We explored the cool, wide, fragrant spaces of the old casa, with its outer walls of faded, broken stucco, all harmonized to a pinkish yellow by the suns and winds of the bygone centuries.  We admired its lofty ceilings, its lovely carvings and frescoes, its decrepit but beautiful furniture, and then we mounted to the top, where the Little Genius has a sort of eagle’s eyrie, a floor to herself under the eaves, from the windows of which she sees the sunlight glimmering on the blue water by day, and the lights of her adored Venice glittering by night.  The walls are hung with fragments of marble and wax and stucco and clay; here a beautiful foot, or hand, or dimple-cleft chin; there an exquisitely ornate façade, a miniature campanile, or a model of some ancient palazzo or chiesa.

The little bedroom off at one side is draped in coarse white cotton, and is simple enough for a nun.  Not a suggestion there of the fripperies of a fine lady’s toilet, but, in their stead, heads of cherubs, wings of angels, slender bell-towers, friezes of acanthus leaves,—beauty of line and form everywhere, and not a hint of colour save in the riotous bunches of poppies and oleanders that lie on the broad window-seats or stand upright in great blue jars.

Here the Little Genius lives, like the hermit crab that she calls herself; here she dwells apart from kith and kin, her mind and heart and miracle-working hands taken captive by the charms of the siren city of the world.

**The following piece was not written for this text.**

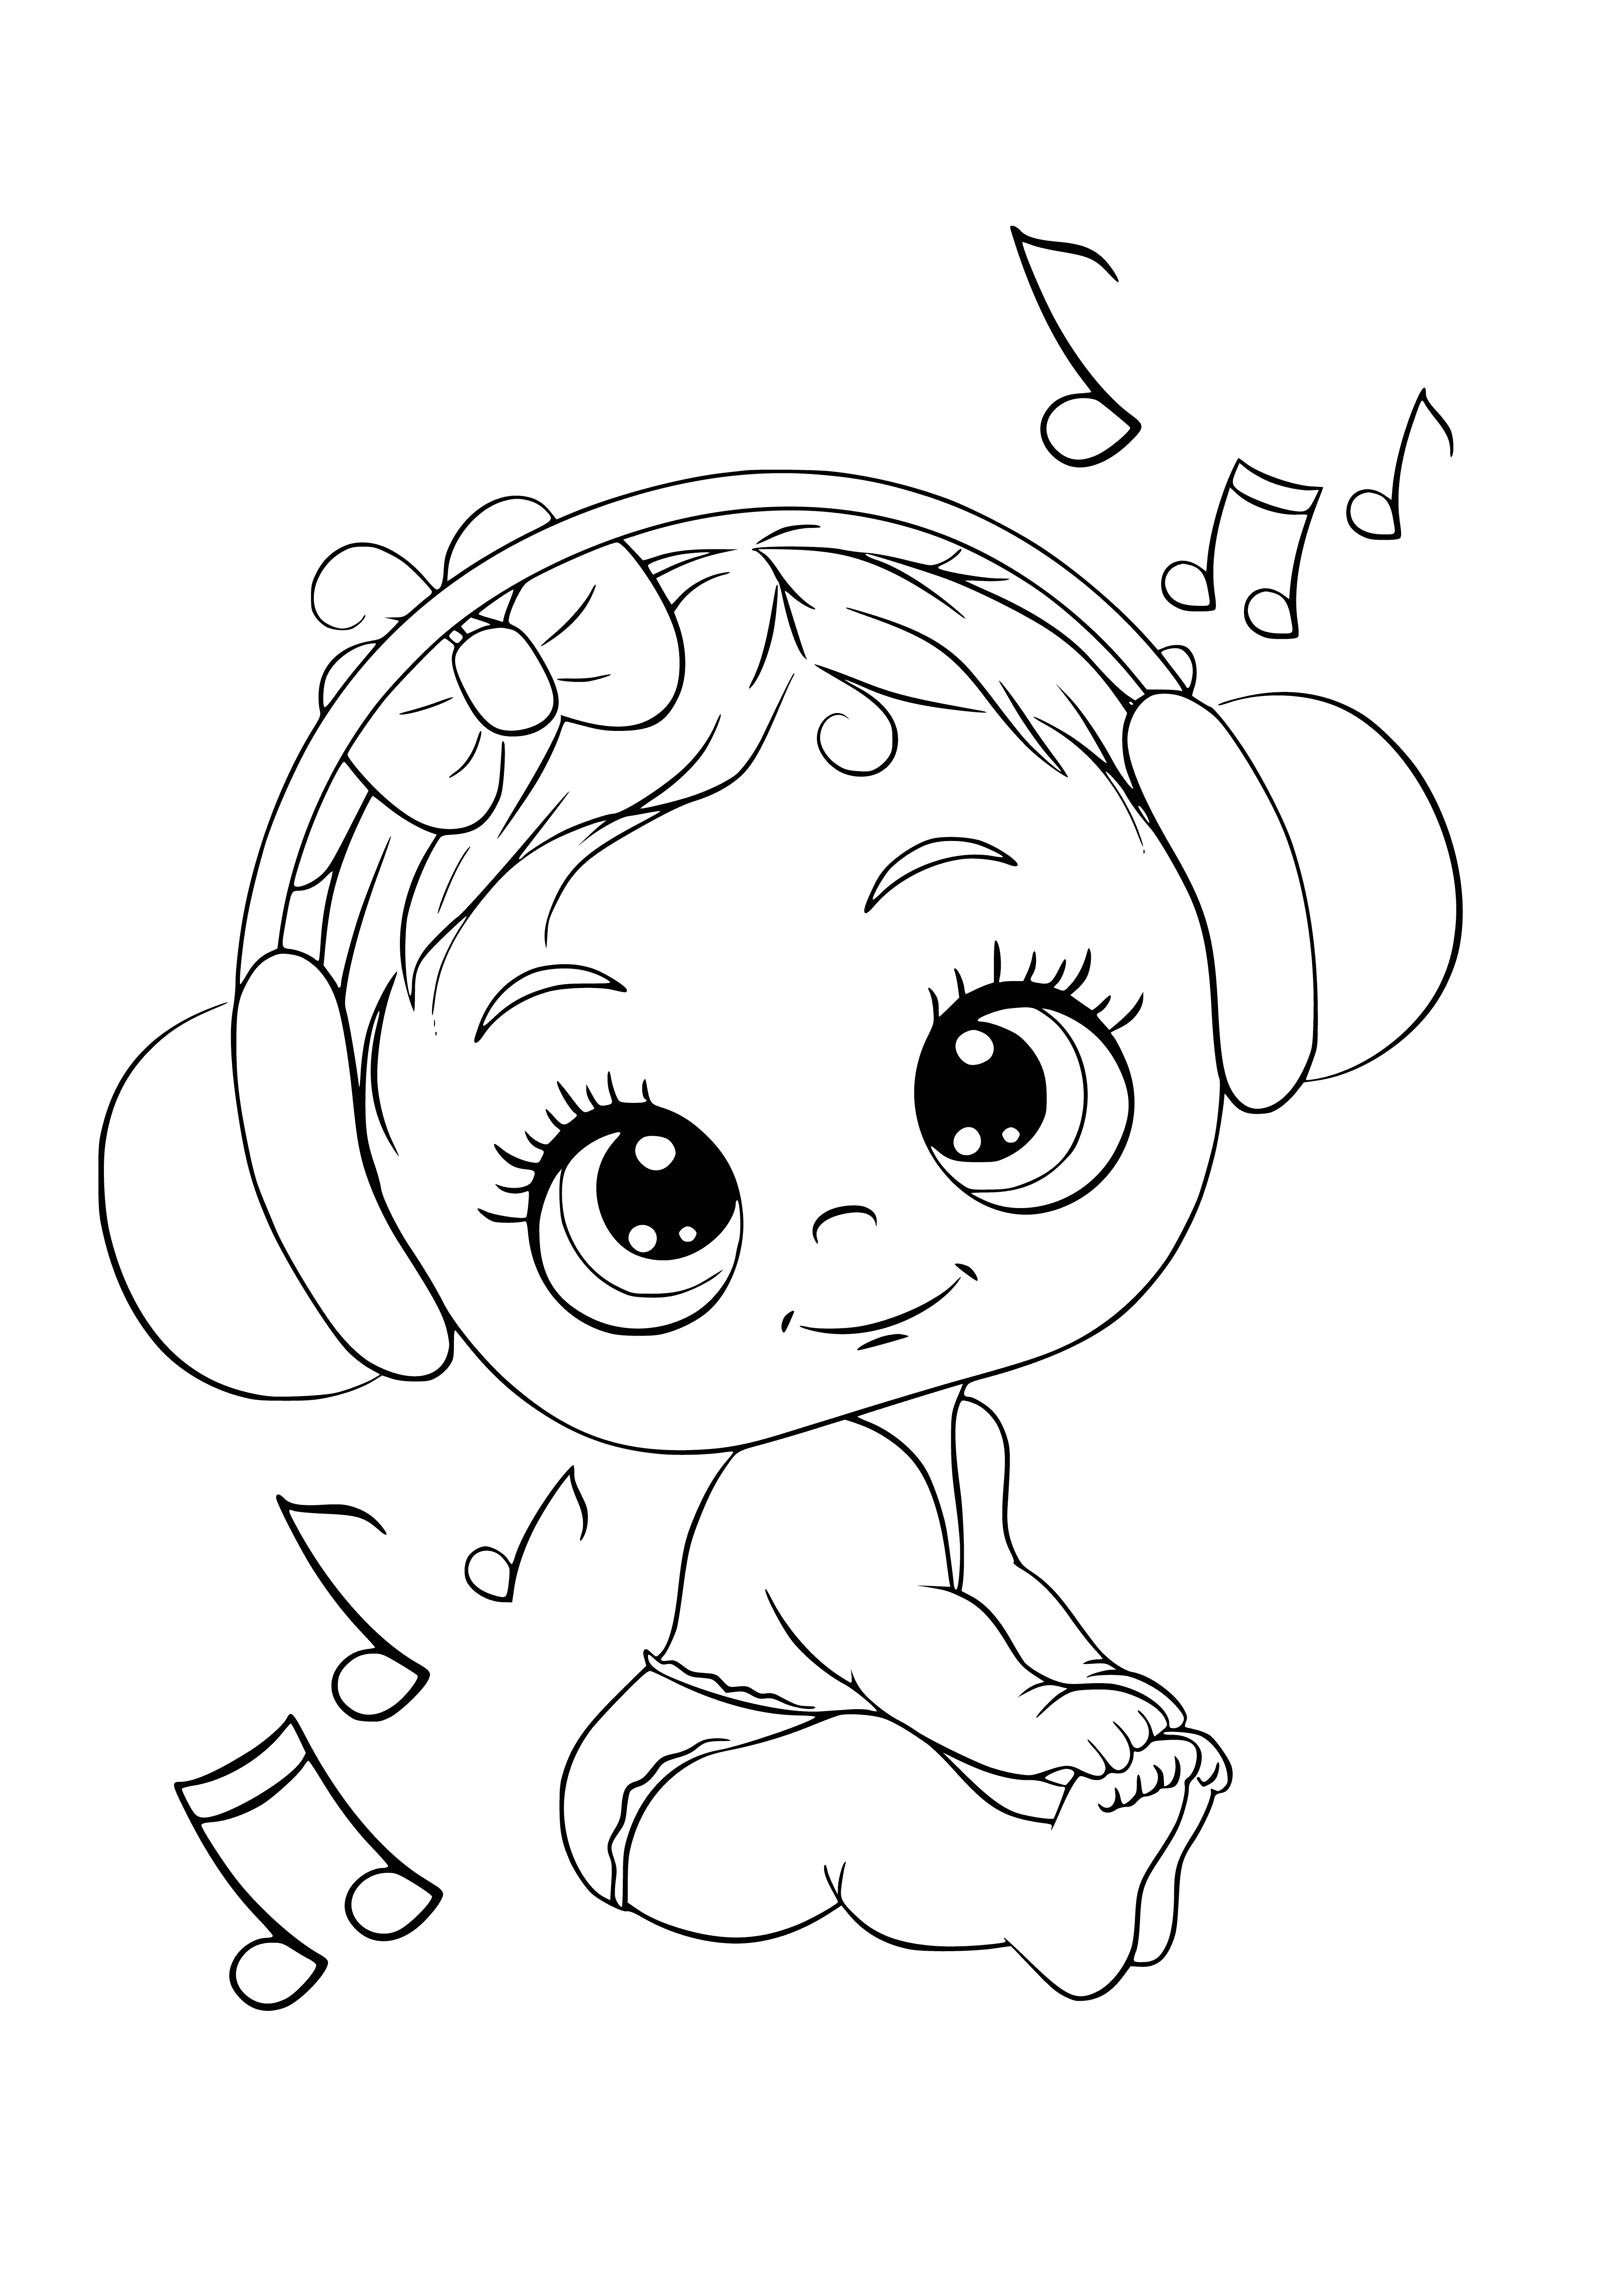 Kid listening to music coloring page

When we had explored Casa Rosa from turret to foundation stone we went into the garden at the rear of the house—a garden of flowers and grape-vines, of vegetables and fruit-trees, of birds and bee-hives, a full acre of sweet summer sounds and odours, stretching to the lagoon, which sparkled and shimmered under the blue Italian skies.  The garden completed our subjugation, and here we stay until we are removed by force, or until the padrona’s mortgage is paid unto the last penny, when I feel that the Little Genius will hang a banner on the outer ramparts, a banner bearing the relentless inscription: “No paying guests allowed on these premises until further notice.”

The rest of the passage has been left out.